1354 Here the midpoint of 500us translates to 2000 IOPS. The shape of the curve
1355 was chosen such that small changes in the amount of accumulated dirty data
1356 in the first 3/4 of the curve yield relatively small differences in the
1357 amount of delay.
1358 .sp
1359 The effects can be easier to understand when the amount of delay is
1360 represented on a log scale:
1361 .sp
1362 .nf
1363 delay
1364 100ms +-------------------------------------------------------------++
1365 + +
1366 | |
1367 + *+
1368 10ms + *+
1369 + ** +
1370 | (midpoint) ** |
1371 + | ** +
1372 1ms + v **** +
1373 + zfs_delay_scale ----------> ***** +
1374 | **** |
1375 + **** +
1376 100us + ** +
1377 + * +
1378 | * |
1379 + * +
1380 10us + * +
1381 + +
1382 | |
1383 + +
1384 +--------------------------------------------------------------+
1385 0% <- zfs_dirty_data_max -> 100%
1386 .fi
1387 .sp
1388 Note here that only as the amount of dirty data approaches its limit does
1389 the delay start to increase rapidly.

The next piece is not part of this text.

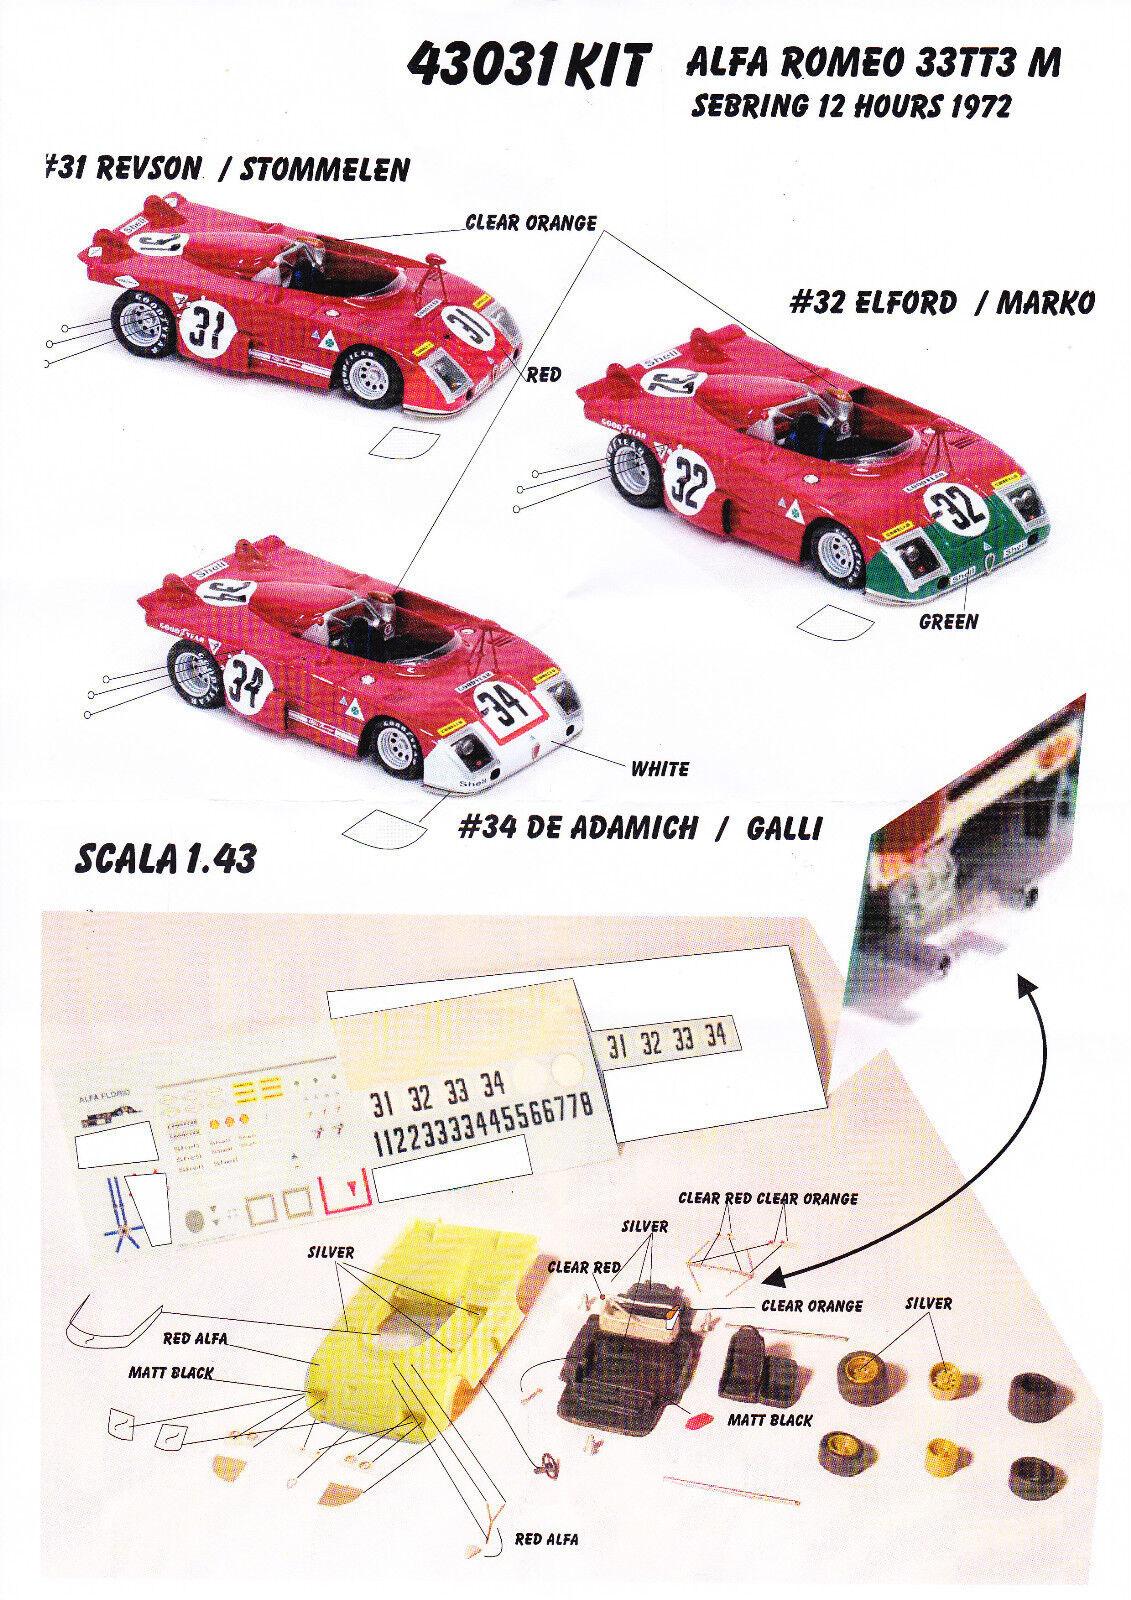 kit Alfa Romeo 33 TT3 M Sebring 2018 (3 versioni) - Modelling Plus kit 1/43

The goal of a properly tuned system
1390 should be to keep the amount of dirty data out of that range by first
1391 ensuring that the appropriate limits are set for the I/O scheduler to reach
1392 optimal throughput on the backend storage, and then by changing the value
1393 of \fBzfs_delay_scale\fR to increase the steepness of the curve.